VSCode Bug ID Extension

This is an extension for the Visual Studio Code (VSCode) IDE.

It shows bug details when placing the mouse cursor over a bug identifier.

Features

• Highlighting of the bug IDs in the text (underlined).
• Displays a tooltip with bug details and a link pointing to the bug tracking system to see more details.
• It works in all files, documentation, source code, change logs...

Supported bug identifiers

For more details see the list of abbreviations used in openSUSE.

Authentication

Some systems or bugs can be accessed anonymously without any authentication. However, authentication might still increase the allowed request rate limit.

GitHub

Anonymous access to GitHub API allows 60 requests per hour. Limit for the authenticated requests is 5000 requests per hour.

To authenticate to GitHub click the "Sign in to GitHub" link displayed in the warning message displayed when reaching the limit for the anonymous requests. Or you can authenticate anytime by opening the command palette (Ctrl+Shift+P) and selecting the "Bug ID: Request GitHub authentication" command. When asked confirm the access to GitHub for the extension.

The extension requests read only access for all public data, but it still works even without that, the authentication is only needed to increase the API request rate limit.

Bugzilla

Bugzilla systems in general allow anonymous access, but some bug reports require authentication. And some bugs might be accessible only to specific persons or teams. For example the security bugs might be accessible only to the security team.

To create an API key and import it to the extension settings just click the displayed links in a tooltip for a Bugzilla identifier.

Or go to the Bugzilla preferences page, click your account name at the top of the page and select the "Preferences" option. Switch to the "API KEYS" tab and create a new API key. Then open the command palette (Ctrl+Shift+P) and select the "Bug ID: Manage API tokens" command. Then select the appropriate Bugzilla instance in the list and enter the API key.

SUSE Jira

SUSE Jira requires authenticated access. To create an API key and import it to the extension settings click the displayed links for a Jira issue identifier.

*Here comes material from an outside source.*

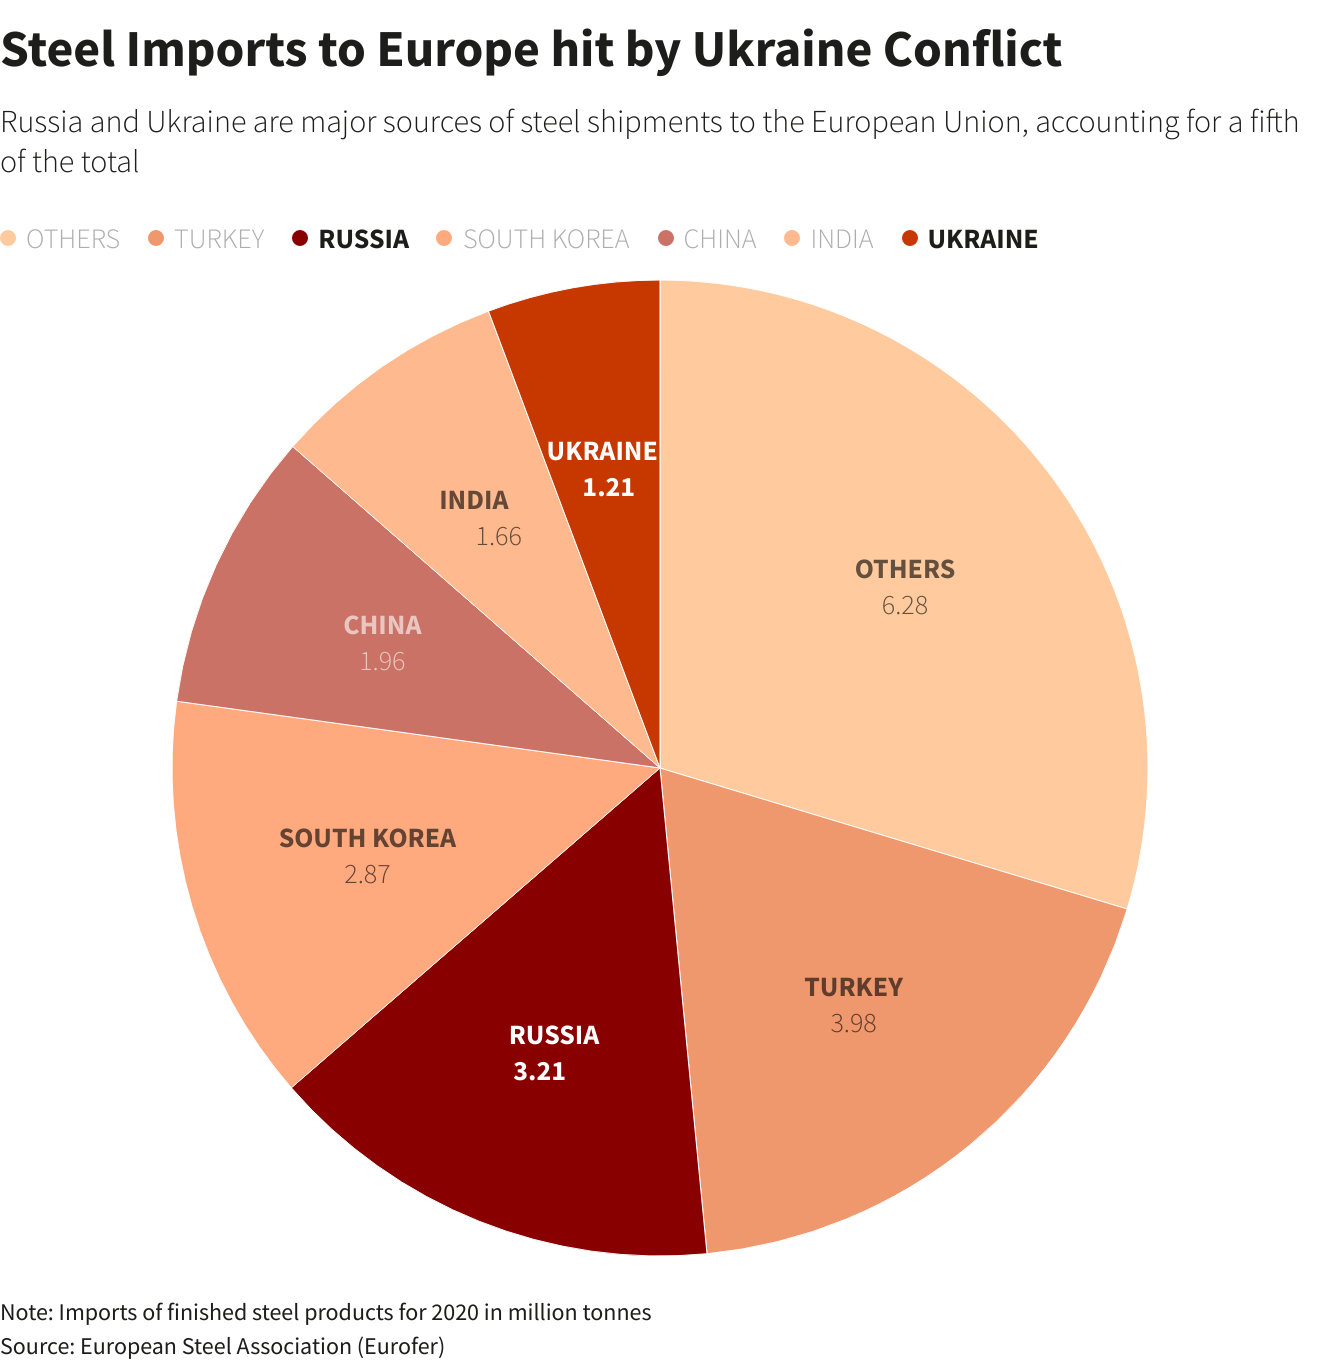 Importaciones de acero a Europa afectadas por el conflicto de Ucrania

Alternatively open your user profile page in Jira and select the "Personal Access Tokens" item in the left menu and then click the "Create token" button in the top right corner. Then open the command palette (Ctrl+Shift+P) and select the "Bug ID: Manage API tokens" command. Then select the "SUSE Jira" entry in the list and enter the API key.

NIST CVE

Anonymous access allows 5 requests during 30 seconds. Authenticated access is not implemented.

Storing the API tokens

The API tokens are stored in the VSCode using the SecretStorage. That means the tokens are stored in encrypted form and are not synchronized across machines. So you have to repeat the token configuration on every machine you use.

In Linux it uses the GNOME keyring or the KDE kwallet as the storage backend. See more details in the VSCode documentation if you have some troubles with this.

Token manager

The token manager manages the stored API authentication tokens for various bug tracking systems. Open the command palette (Ctrl+Shift+P) and select the "Bug ID: Manage API tokens" command to start the token manager.

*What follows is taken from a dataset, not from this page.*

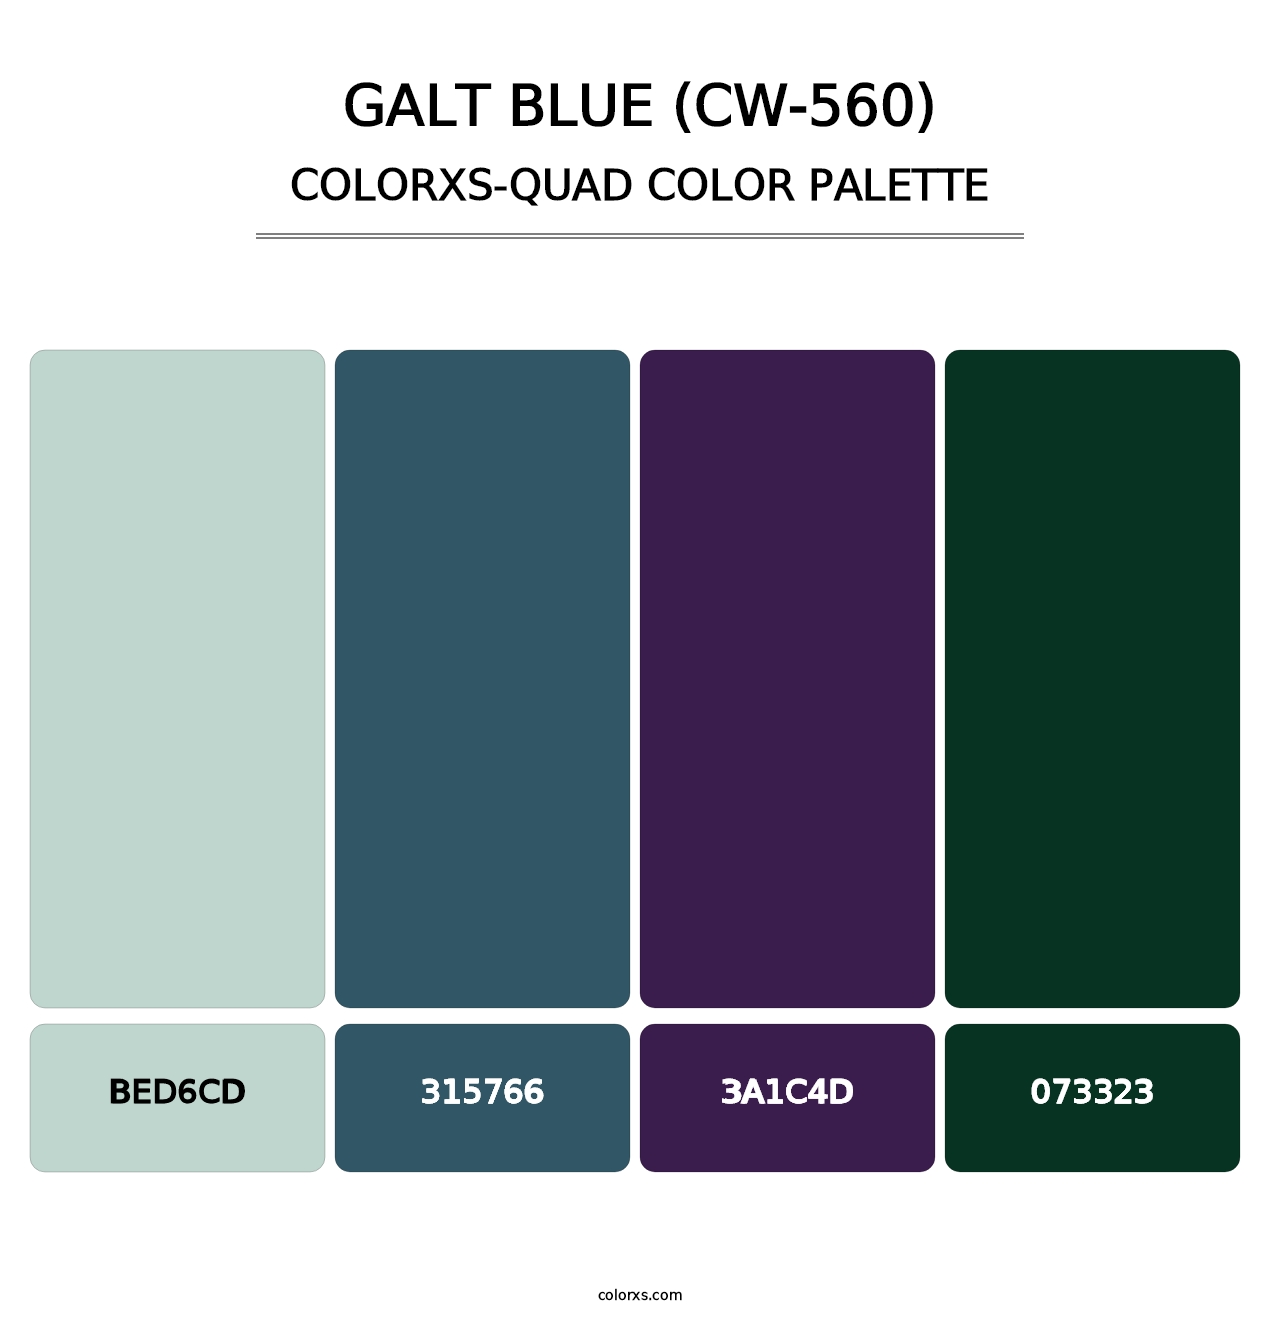 Galt Blue (CW-560) - Colorxs Quad Palette

Select a bug tracking system in the list to add or edit its API token. If you want to delete an API token then use an empty value. To delete all stored API tokens select the "Delete all API tokens" option.

Although the API tokens are stored securely you should still be careful which applications or extensions you install on your machine. A malicious app could still access any stored data on your machine.

Before uninstalling the extension it is recommended to delete all stored API keys. If you do not use the API keys elsewhere then it is also recommended to revoke or delete them in the respective systems.